To date, the US Space Program recommends, but does not require specific exercise-training regimes for astronauts to use on the ground to attain and/or maintain a high level of physical fitness. NASA has never formally identified job-related personal fitness targets, determined the level of crew performance capability or established minimal standards for muscular strength and bone mineral density. Pre-flight recommendations for exercise may actually turn out to be counterproductive for space flight, when dietary intake is insufficient. The establishment and maintenance of an elite physical fitness status may increase the metabolic requirements of an individual and make that individual more susceptible to changes that occur under conditions of reduced biomechanical loading if these requirements are not met.
Future Developments
Based on the data provided in this report, the iRED is capable of inducing strength gains and muscular hypertrophy. Increasing the training volume by increasing the number of sets will not bring about extra gains in training effects, but does increase the risk of overtraining and injuries and it is therefore not recommend for space flight. We think that the duration of the study was too short to elicit consistent changes in bone mineral content and density.
Further research is necessary to test the effects of factors that were not controlled in this study, i.e., diet, daily life-style (including sports). Optimally this study would be repeated with a larger subject population for a longer period. The study would also mimic the training protocols performed on ISS. Astronauts will train both upper and lower extremities, six days a week. Biomechanical analyses, combined with bone modeling studies would provide detailed information about the exercises and their impact on the musculoskeletal system.
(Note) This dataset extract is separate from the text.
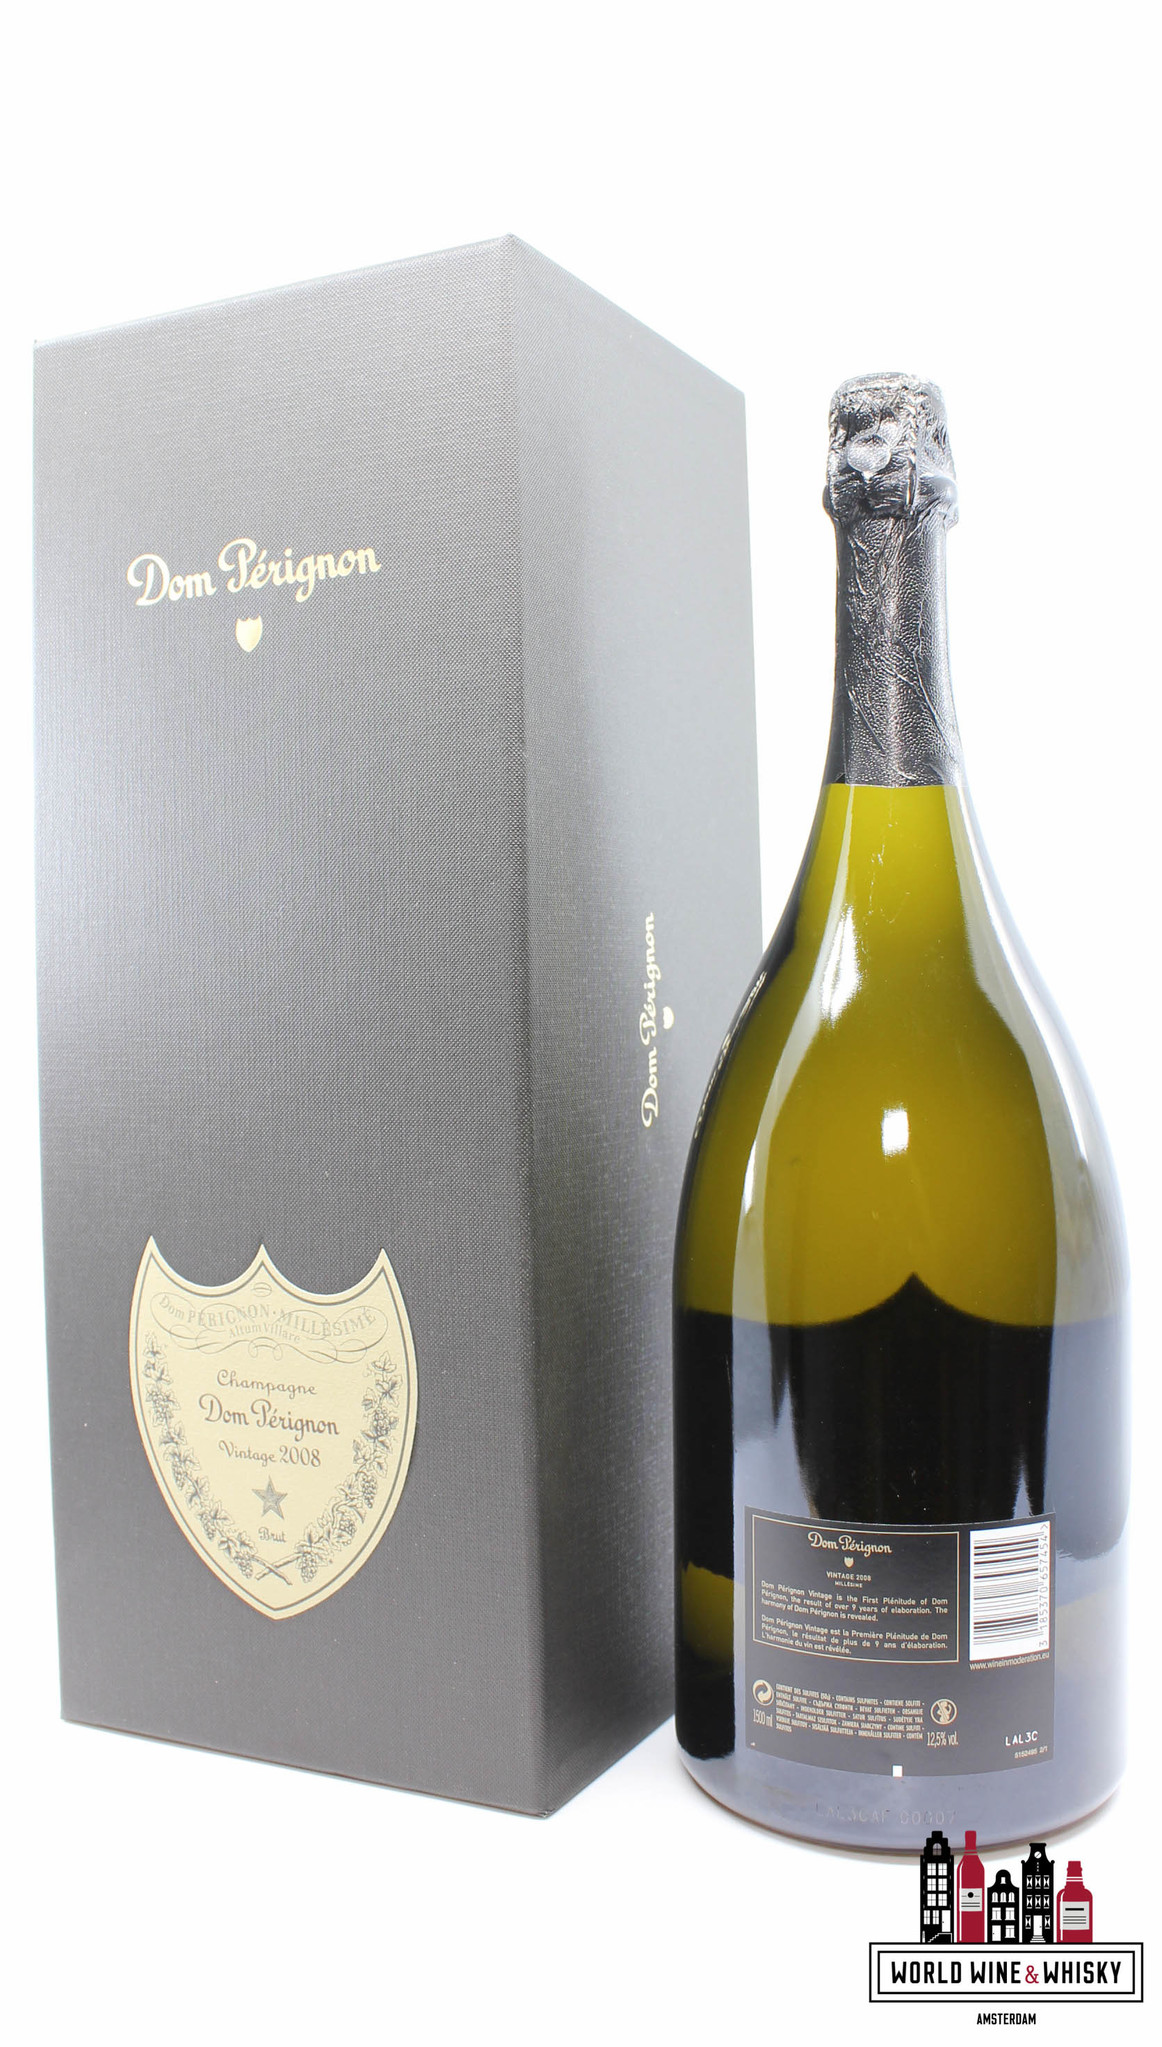 Dom Perignon Dom Perignon 2008 Vintage Magnum - Champagne Brut 1,5 liter - (in luxury giftbox)
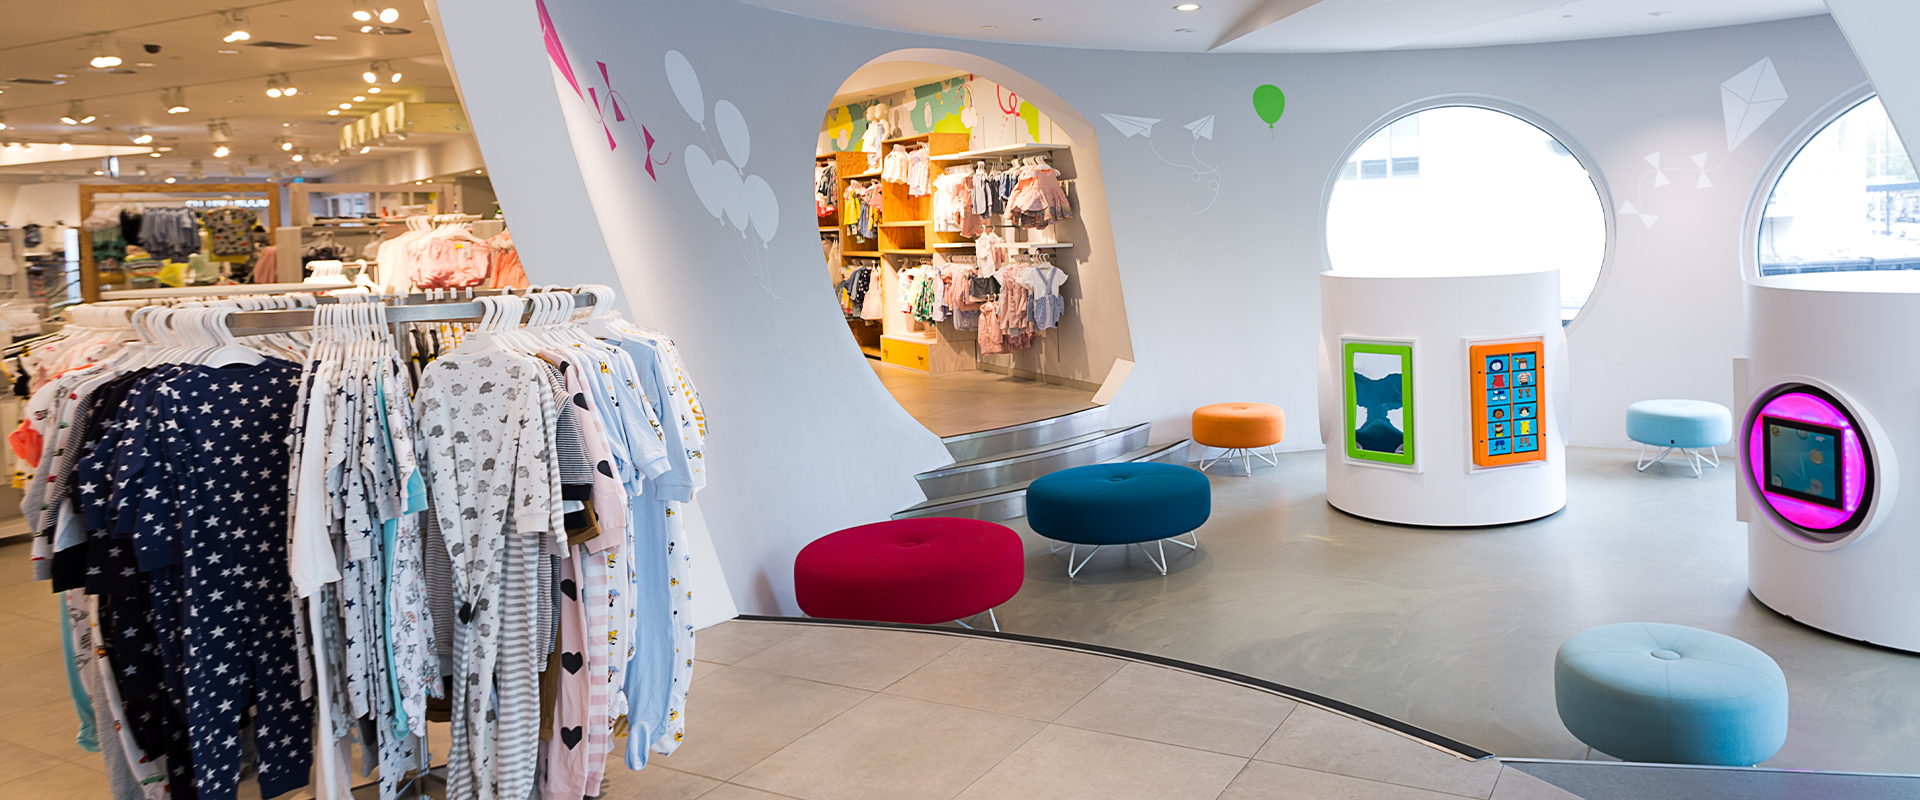 H&M Rotterdam : aire de jeux pour enfants

Since it is highly unlikely that there is an all encompassing type of exercise capable of counteracting microgravity-induced deficiencies in the cardiovascular, vestibular, neuromotor and musculoskeletal systems studies should be undertaken to take advantage of the technologies currently being developed to produce forms of artificial gravity via the use of exercise-cycling (DiPramprero, 1994 and DiPramprero and Antonutto, 1997) and other devices that have the potential to transiently generate g-forces known to positively impact on these systems, while simultaneously providing an exercise stimulus mimicking that currently seen with most conventional devices.
For a Resistive Exercise Device this implies that the current design should be "up-graded" towards, or replaced by, a device that will meet the requirements originally set by the Human Research Facility. A next-generation Resistance Exercise device should have a higher maximal capacity, should allow a more functional ROM, should provide more force during the lower parts of the range of motion and should allow higher eccentric forces during the descending phases of the exercises.
In order to assure astronauts safety, the line of force should be directed more posterior during the squat exercise by for example using a Smith Machine-like configuration, or by improving the design of the currently used squat harness.
Furthermore, an instrumented RED with both manual and software control (including uplink and downlink) capabilities should be developed to monitor angles, velocities and forces/torques as a function of time during a specific exercise, to safely and adequately adjust resistive parameters, if needed.